The Erasmus students appreciate the aural quality of these ‘songs’ by reading them aloud in seminars. The rhyming structure and words are usually very simple and memorable, allowing an easier and more fluid reading. The rhythm and metre also changes according to foreign accents and stress on words, so the negotiation of sounds involves a deeper enrichment of the English tongue. In some cases, mispronunciation creates an alternative word: in ‘The Ecchoing Green’, an Italian student read the line, ‘Old John with white hair’ as ‘Old John with wheat hair’. The word change from ‘white’ to ‘wheat’, though obviously incorrect, highlighted the rural element of the poem. Studying and reading poetry in a foreign language is a challenge, but it can also open up playful possibilities of interpretation; for example, we read the line ‘God & Priest & King/ who make up a Heaven of our misery,’ and I asked students to discuss the meaning of ‘make up’. There was some confusion: how did ‘make up’ differ from the meaning of ‘make’? To their understanding, ‘make up’ meant cosmetics. Such an interpretation opened up the possibility that the word could suggest a sort of superficiality or masking of heaven (Blake may have been aware of this connotation: the first reference to ‘make up’ as cosmetics is in 1652 (OED)). At the same time, with the use of a dictionary and its selection of likely meanings, students learned that the phrasal verb cleverly conflates connotations of ‘make’, ‘invent’, and ‘compensate’. Hence, the very difficulties that foreign students face with the English language tends to draw attention to the varied interpretations of words. As a teacher, I am all too aware that my role involves explaining complex ideas in a clear way. This is especially true for foreign students, and also, particularly relevant to the Songs which create layers of meaning through an apparent simplicity of form and diction.

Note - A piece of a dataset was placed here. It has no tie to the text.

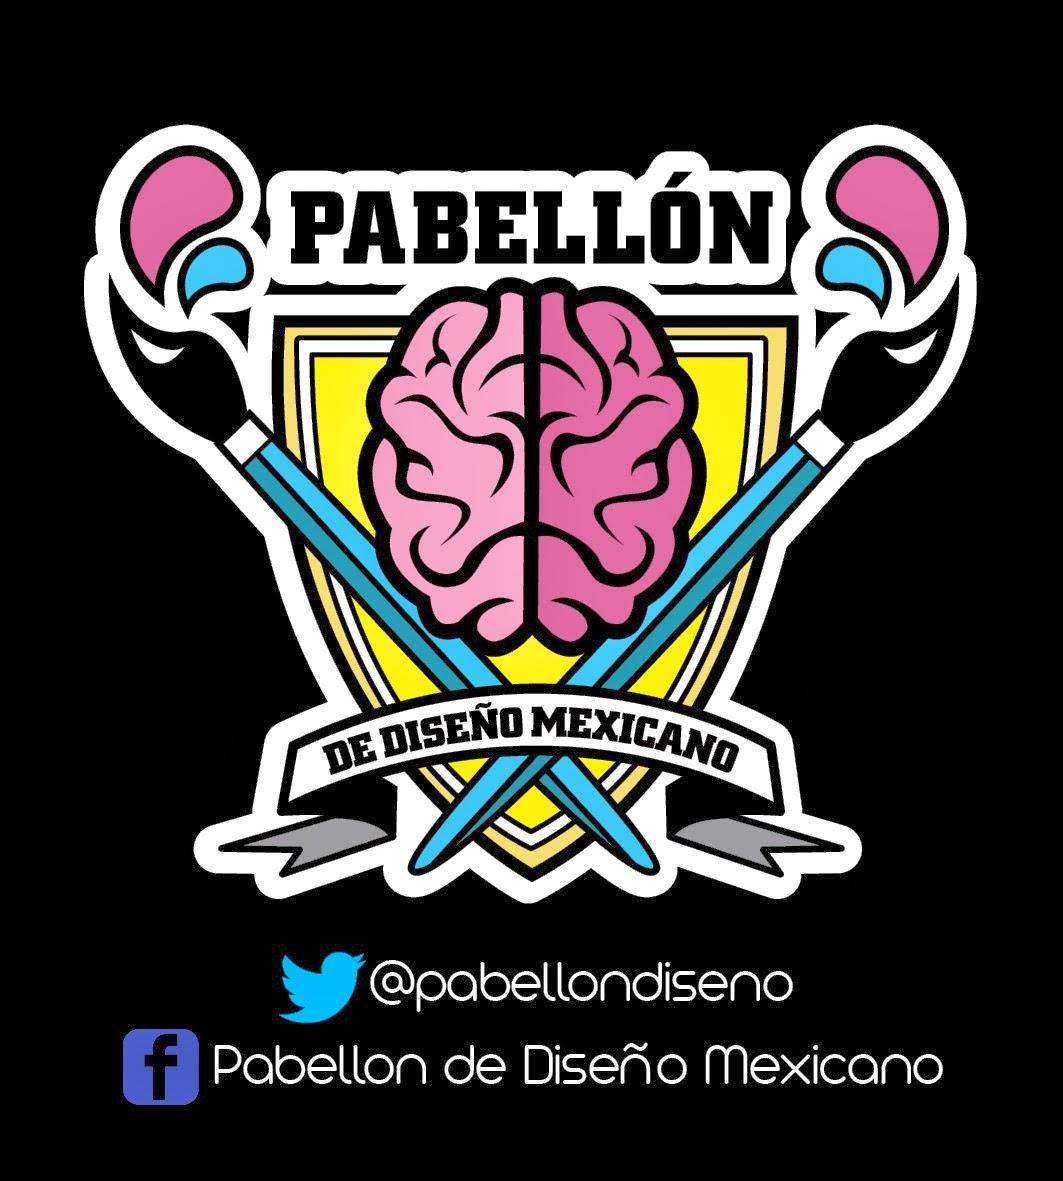 Encuentranos en Pabellon de Diseño Mexicano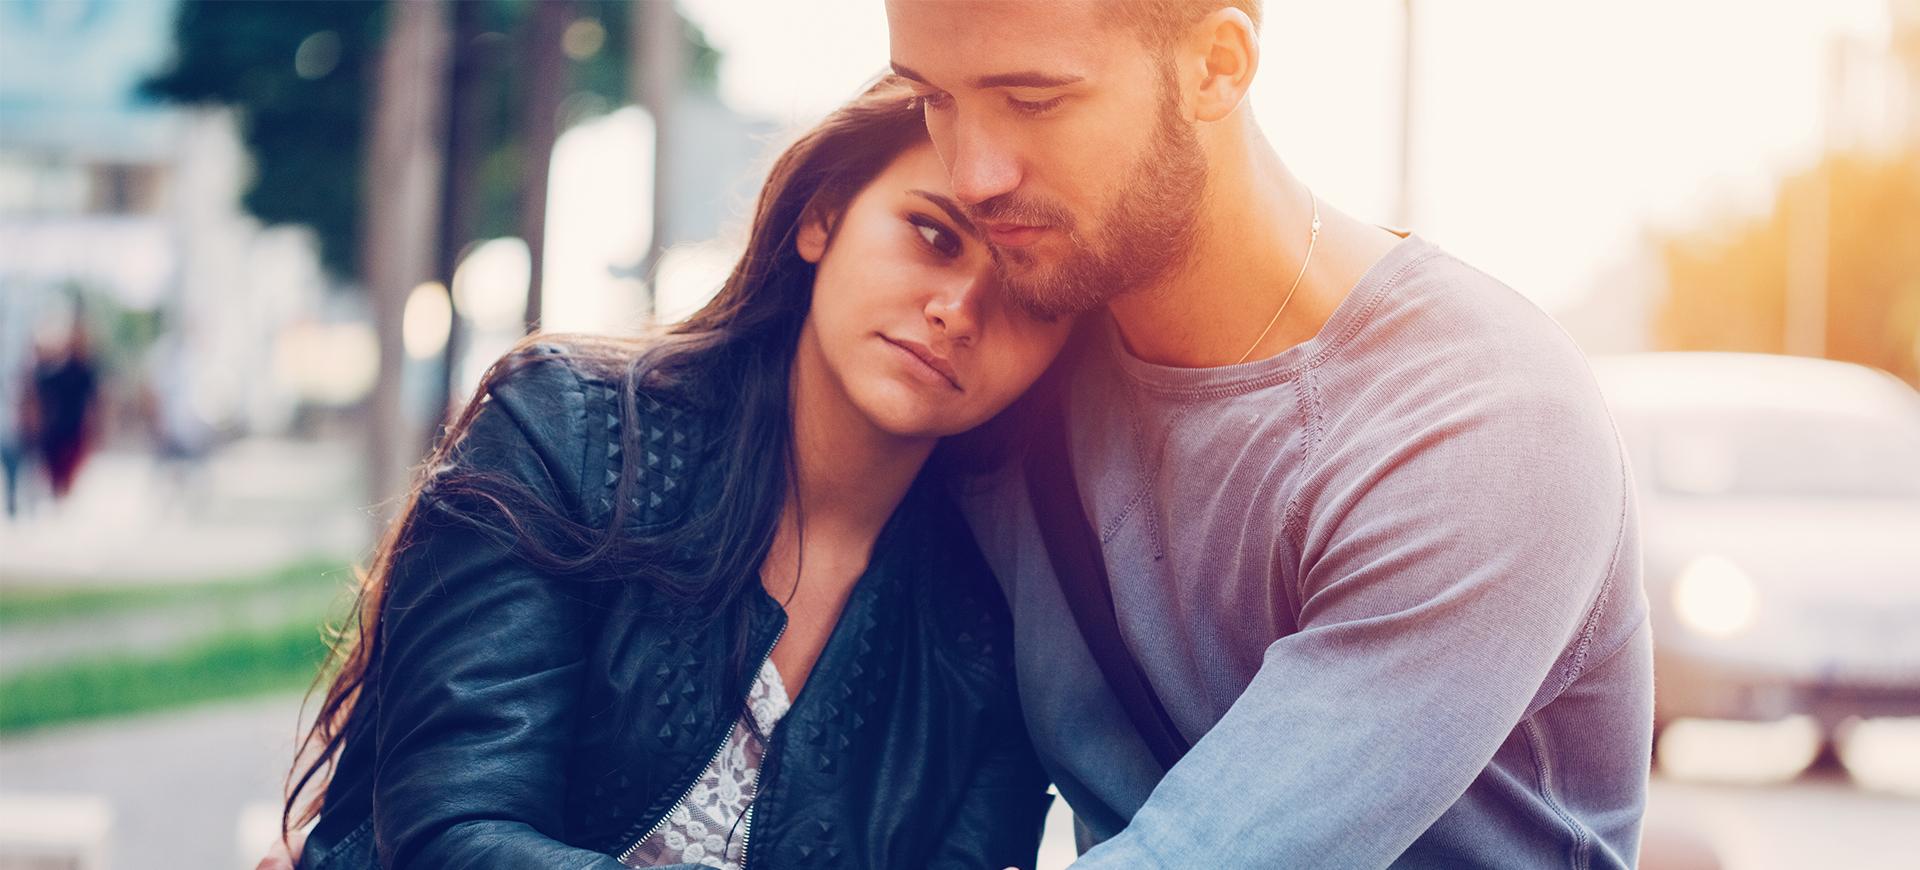 definiera en dating relation

In terms of theme, I have found that the subject of priesthood and religious oppression in the Songs was particularly conducive to lively discussion of context and culture. In our discussion of ‘The Chimney Sweeper’, ‘A Little Boy Lost’, and ‘Holy Thursday’, Italian students discussed the tradition of church-going amongst their own parents’ generation, and how the younger generation (like the child in ‘A Little Boy Lost’) were more likely to question the authority of the church: ‘One who sets reason up for judge/ Of our most holy Mystery.’ This younger generation was also especially suited to the discussion of the child and their natural tendency to ask questions. How might this be applied to a seminar discussion between student and teacher, I ask – particularly foreign students? How do they feel about asking questions about things they don’t understand? Are they ever likely to disagree with or challenge the teacher’s authority? Placing these Blakean themes in personal and contemporary contexts helped the students to engage with the relevance of the poetry.

We sometimes look at an excerpt from Blake’s Europe:
Shadows of men in fleeting bands upon the winds:
Divide the heavens of Europe
Till Albions Angel smitten with his own plagues fled with his band
The cloud bears hard on Albions shore:
Fill’d with immortal demons of futurity:

To me, this scene is prophetic of Britain’s self-imposed alienation from Europe; it perfectly captures the ominous dread of disunion. I ask them what they think Blake means by division in the line ‘Divide the heavens of Europe’, and what ‘plagues’ and ‘futurity’ might denote. Although this passage is tricky for foreign students, they see the overall tone and language as suggestive of empire and war.

Teaching Blake to Erasmus students illuminates the poetic, aural and visual quality of Blake’s Songs. In some cases, students read the poems in their own language first, before reading in English. This helps them with confidence, but there is always the risk that they might rely on the translation and its secondary interpretation of the text. The question, thus, of comprehending when in states of innocence and experience are particularly relevant to foreign students of English literature.